Description of the task: Write out every line of the data below exactly as given.

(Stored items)
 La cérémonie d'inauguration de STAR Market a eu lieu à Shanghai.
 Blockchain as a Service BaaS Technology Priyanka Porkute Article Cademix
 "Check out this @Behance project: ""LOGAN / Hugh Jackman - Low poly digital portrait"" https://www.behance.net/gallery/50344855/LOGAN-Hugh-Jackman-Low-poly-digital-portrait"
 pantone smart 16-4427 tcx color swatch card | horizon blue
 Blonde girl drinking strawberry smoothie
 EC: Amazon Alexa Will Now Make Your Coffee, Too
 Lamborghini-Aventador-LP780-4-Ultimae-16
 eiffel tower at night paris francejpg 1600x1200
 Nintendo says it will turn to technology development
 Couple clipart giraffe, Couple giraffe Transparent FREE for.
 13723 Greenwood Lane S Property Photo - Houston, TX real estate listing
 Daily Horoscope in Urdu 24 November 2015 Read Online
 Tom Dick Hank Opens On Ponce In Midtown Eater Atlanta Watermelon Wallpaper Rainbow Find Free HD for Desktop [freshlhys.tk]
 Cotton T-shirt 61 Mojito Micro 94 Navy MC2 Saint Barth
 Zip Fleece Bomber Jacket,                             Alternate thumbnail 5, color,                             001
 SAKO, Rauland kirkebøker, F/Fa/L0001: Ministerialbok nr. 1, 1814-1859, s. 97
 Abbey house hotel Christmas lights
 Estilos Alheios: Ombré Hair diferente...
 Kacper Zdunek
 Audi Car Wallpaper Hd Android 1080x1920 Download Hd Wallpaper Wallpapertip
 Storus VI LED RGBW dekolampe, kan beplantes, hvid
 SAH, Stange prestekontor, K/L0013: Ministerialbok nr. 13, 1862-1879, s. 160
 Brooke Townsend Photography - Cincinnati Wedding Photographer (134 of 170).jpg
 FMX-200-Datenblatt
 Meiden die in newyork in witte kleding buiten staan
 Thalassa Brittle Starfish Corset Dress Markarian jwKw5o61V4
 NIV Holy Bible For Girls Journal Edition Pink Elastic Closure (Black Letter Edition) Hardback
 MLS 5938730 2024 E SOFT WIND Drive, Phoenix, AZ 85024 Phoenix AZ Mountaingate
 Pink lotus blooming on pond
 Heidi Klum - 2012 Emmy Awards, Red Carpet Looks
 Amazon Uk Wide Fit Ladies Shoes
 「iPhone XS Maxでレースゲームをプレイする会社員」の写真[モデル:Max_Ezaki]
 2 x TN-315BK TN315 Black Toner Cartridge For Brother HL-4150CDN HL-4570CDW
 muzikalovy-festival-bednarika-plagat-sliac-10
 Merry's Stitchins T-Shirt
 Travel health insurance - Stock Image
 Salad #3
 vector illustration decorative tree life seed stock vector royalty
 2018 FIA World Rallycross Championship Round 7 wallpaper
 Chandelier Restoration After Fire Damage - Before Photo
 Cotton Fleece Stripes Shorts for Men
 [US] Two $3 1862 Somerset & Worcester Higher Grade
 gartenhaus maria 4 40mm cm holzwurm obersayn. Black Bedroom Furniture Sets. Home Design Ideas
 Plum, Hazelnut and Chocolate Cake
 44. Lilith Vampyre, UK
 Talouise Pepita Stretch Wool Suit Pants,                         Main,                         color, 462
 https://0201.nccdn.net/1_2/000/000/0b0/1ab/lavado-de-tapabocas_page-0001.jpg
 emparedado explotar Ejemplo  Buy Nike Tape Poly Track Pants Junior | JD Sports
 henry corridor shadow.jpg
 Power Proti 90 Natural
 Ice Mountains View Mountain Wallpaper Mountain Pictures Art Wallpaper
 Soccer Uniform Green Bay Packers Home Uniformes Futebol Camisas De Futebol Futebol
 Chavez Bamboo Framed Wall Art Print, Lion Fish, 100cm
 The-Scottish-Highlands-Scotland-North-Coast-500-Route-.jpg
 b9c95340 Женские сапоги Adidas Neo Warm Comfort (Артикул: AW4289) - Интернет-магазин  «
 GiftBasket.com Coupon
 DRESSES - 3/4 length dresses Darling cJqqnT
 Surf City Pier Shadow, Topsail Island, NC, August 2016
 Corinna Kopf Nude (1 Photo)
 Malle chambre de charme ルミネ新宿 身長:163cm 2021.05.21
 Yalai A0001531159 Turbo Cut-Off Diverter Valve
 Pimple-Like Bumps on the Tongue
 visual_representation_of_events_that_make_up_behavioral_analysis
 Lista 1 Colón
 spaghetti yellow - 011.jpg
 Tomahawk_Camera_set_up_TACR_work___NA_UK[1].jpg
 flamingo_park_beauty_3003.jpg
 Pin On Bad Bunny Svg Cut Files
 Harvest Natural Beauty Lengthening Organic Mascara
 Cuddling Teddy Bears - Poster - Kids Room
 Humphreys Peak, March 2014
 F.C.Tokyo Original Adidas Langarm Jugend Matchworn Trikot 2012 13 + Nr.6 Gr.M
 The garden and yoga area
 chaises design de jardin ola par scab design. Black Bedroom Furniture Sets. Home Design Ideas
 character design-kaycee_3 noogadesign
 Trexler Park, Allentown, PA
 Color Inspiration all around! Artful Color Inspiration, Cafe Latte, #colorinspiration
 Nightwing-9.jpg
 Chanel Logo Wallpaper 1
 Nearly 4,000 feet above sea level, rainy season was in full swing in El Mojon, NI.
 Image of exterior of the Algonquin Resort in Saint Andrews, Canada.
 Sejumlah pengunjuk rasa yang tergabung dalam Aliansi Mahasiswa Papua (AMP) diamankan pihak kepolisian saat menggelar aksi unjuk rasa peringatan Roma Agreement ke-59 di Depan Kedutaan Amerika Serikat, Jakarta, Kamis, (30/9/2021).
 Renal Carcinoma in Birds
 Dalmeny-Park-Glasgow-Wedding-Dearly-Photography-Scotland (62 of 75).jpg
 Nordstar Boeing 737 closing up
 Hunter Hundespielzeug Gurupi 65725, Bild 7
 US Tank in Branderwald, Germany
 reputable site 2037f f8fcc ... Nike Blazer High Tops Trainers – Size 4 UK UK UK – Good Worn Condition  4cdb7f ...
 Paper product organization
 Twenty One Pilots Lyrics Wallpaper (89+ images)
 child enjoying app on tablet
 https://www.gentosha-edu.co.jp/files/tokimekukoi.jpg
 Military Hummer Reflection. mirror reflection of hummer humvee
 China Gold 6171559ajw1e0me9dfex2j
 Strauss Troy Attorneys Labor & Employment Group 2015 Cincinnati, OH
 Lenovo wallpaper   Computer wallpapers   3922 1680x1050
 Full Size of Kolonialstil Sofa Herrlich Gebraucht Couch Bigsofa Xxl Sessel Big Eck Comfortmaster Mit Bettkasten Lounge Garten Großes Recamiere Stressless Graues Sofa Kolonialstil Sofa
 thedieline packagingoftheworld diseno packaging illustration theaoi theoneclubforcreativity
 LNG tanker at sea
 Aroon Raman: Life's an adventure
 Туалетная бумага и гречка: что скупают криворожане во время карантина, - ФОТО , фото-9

Result of this task:
 La cérémonie d'inauguration de STAR Market a eu lieu à Shanghai.
 Blockchain as a Service BaaS Technology Priyanka Porkute Article Cademix
 "Check out this @Behance project: ""LOGAN / Hugh Jackman - Low poly digital portrait"" https://www.behance.net/gallery/50344855/LOGAN-Hugh-Jackman-Low-poly-digital-portrait"
 pantone smart 16-4427 tcx color swatch card | horizon blue
 Blonde girl drinking strawberry smoothie
 EC: Amazon Alexa Will Now Make Your Coffee, Too
 Lamborghini-Aventador-LP780-4-Ultimae-16
 eiffel tower at night paris francejpg 1600x1200
 Nintendo says it will turn to technology development
 Couple clipart giraffe, Couple giraffe Transparent FREE for.
 13723 Greenwood Lane S Property Photo - Houston, TX real estate listing
 Daily Horoscope in Urdu 24 November 2015 Read Online
 Tom Dick Hank Opens On Ponce In Midtown Eater Atlanta Watermelon Wallpaper Rainbow Find Free HD for Desktop [freshlhys.tk]
 Cotton T-shirt 61 Mojito Micro 94 Navy MC2 Saint Barth
 Zip Fleece Bomber Jacket,                             Alternate thumbnail 5, color,                             001
 SAKO, Rauland kirkebøker, F/Fa/L0001: Ministerialbok nr. 1, 1814-1859, s. 97
 Abbey house hotel Christmas lights
 Estilos Alheios: Ombré Hair diferente...
 Kacper Zdunek
 Audi Car Wallpaper Hd Android 1080x1920 Download Hd Wallpaper Wallpapertip
 Storus VI LED RGBW dekolampe, kan beplantes, hvid
 SAH, Stange prestekontor, K/L0013: Ministerialbok nr. 13, 1862-1879, s. 160
 Brooke Townsend Photography - Cincinnati Wedding Photographer (134 of 170).jpg
 FMX-200-Datenblatt
 Meiden die in newyork in witte kleding buiten staan
 Thalassa Brittle Starfish Corset Dress Markarian jwKw5o61V4
 NIV Holy Bible For Girls Journal Edition Pink Elastic Closure (Black Letter Edition) Hardback
 MLS 5938730 2024 E SOFT WIND Drive, Phoenix, AZ 85024 Phoenix AZ Mountaingate
 Pink lotus blooming on pond
 Heidi Klum - 2012 Emmy Awards, Red Carpet Looks
 Amazon Uk Wide Fit Ladies Shoes
 「iPhone XS Maxでレースゲームをプレイする会社員」の写真[モデル:Max_Ezaki]
 2 x TN-315BK TN315 Black Toner Cartridge For Brother HL-4150CDN HL-4570CDW
 muzikalovy-festival-bednarika-plagat-sliac-10
 Merry's Stitchins T-Shirt
 Travel health insurance - Stock Image
 Salad #3
 vector illustration decorative tree life seed stock vector royalty
 2018 FIA World Rallycross Championship Round 7 wallpaper
 Chandelier Restoration After Fire Damage - Before Photo
 Cotton Fleece Stripes Shorts for Men
 [US] Two $3 1862 Somerset & Worcester Higher Grade
 gartenhaus maria 4 40mm cm holzwurm obersayn. Black Bedroom Furniture Sets. Home Design Ideas
 Plum, Hazelnut and Chocolate Cake
 44. Lilith Vampyre, UK
 Talouise Pepita Stretch Wool Suit Pants,                         Main,                         color, 462
 https://0201.nccdn.net/1_2/000/000/0b0/1ab/lavado-de-tapabocas_page-0001.jpg
 emparedado explotar Ejemplo  Buy Nike Tape Poly Track Pants Junior | JD Sports
 henry corridor shadow.jpg
 Power Proti 90 Natural
 Ice Mountains View Mountain Wallpaper Mountain Pictures Art Wallpaper
 Soccer Uniform Green Bay Packers Home Uniformes Futebol Camisas De Futebol Futebol
 Chavez Bamboo Framed Wall Art Print, Lion Fish, 100cm
 The-Scottish-Highlands-Scotland-North-Coast-500-Route-.jpg
 b9c95340 Женские сапоги Adidas Neo Warm Comfort (Артикул: AW4289) - Интернет-магазин  «
 GiftBasket.com Coupon
 DRESSES - 3/4 length dresses Darling cJqqnT
 Surf City Pier Shadow, Topsail Island, NC, August 2016
 Corinna Kopf Nude (1 Photo)
 Malle chambre de charme ルミネ新宿 身長:163cm 2021.05.21
 Yalai A0001531159 Turbo Cut-Off Diverter Valve
 Pimple-Like Bumps on the Tongue
 visual_representation_of_events_that_make_up_behavioral_analysis
 Lista 1 Colón
 spaghetti yellow - 011.jpg
 Tomahawk_Camera_set_up_TACR_work___NA_UK[1].jpg
 flamingo_park_beauty_3003.jpg
 Pin On Bad Bunny Svg Cut Files
 Harvest Natural Beauty Lengthening Organic Mascara
 Cuddling Teddy Bears - Poster - Kids Room
 Humphreys Peak, March 2014
 F.C.Tokyo Original Adidas Langarm Jugend Matchworn Trikot 2012 13 + Nr.6 Gr.M
 The garden and yoga area
 chaises design de jardin ola par scab design. Black Bedroom Furniture Sets. Home Design Ideas
 character design-kaycee_3 noogadesign
 Trexler Park, Allentown, PA
 Color Inspiration all around! Artful Color Inspiration, Cafe Latte, #colorinspiration
 Nightwing-9.jpg
 Chanel Logo Wallpaper 1
 Nearly 4,000 feet above sea level, rainy season was in full swing in El Mojon, NI.
 Image of exterior of the Algonquin Resort in Saint Andrews, Canada.
 Sejumlah pengunjuk rasa yang tergabung dalam Aliansi Mahasiswa Papua (AMP) diamankan pihak kepolisian saat menggelar aksi unjuk rasa peringatan Roma Agreement ke-59 di Depan Kedutaan Amerika Serikat, Jakarta, Kamis, (30/9/2021).
 Renal Carcinoma in Birds
 Dalmeny-Park-Glasgow-Wedding-Dearly-Photography-Scotland (62 of 75).jpg
 Nordstar Boeing 737 closing up
 Hunter Hundespielzeug Gurupi 65725, Bild 7
 US Tank in Branderwald, Germany
 reputable site 2037f f8fcc ... Nike Blazer High Tops Trainers – Size 4 UK UK UK – Good Worn Condition  4cdb7f ...
 Paper product organization
 Twenty One Pilots Lyrics Wallpaper (89+ images)
 child enjoying app on tablet
 https://www.gentosha-edu.co.jp/files/tokimekukoi.jpg
 Military Hummer Reflection. mirror reflection of hummer humvee
 China Gold 6171559ajw1e0me9dfex2j
 Strauss Troy Attorneys Labor & Employment Group 2015 Cincinnati, OH
 Lenovo wallpaper   Computer wallpapers   3922 1680x1050
 Full Size of Kolonialstil Sofa Herrlich Gebraucht Couch Bigsofa Xxl Sessel Big Eck Comfortmaster Mit Bettkasten Lounge Garten Großes Recamiere Stressless Graues Sofa Kolonialstil Sofa
 thedieline packagingoftheworld diseno packaging illustration theaoi theoneclubforcreativity
 LNG tanker at sea
 Aroon Raman: Life's an adventure
 Туалетная бумага и гречка: что скупают криворожане во время карантина, - ФОТО , фото-9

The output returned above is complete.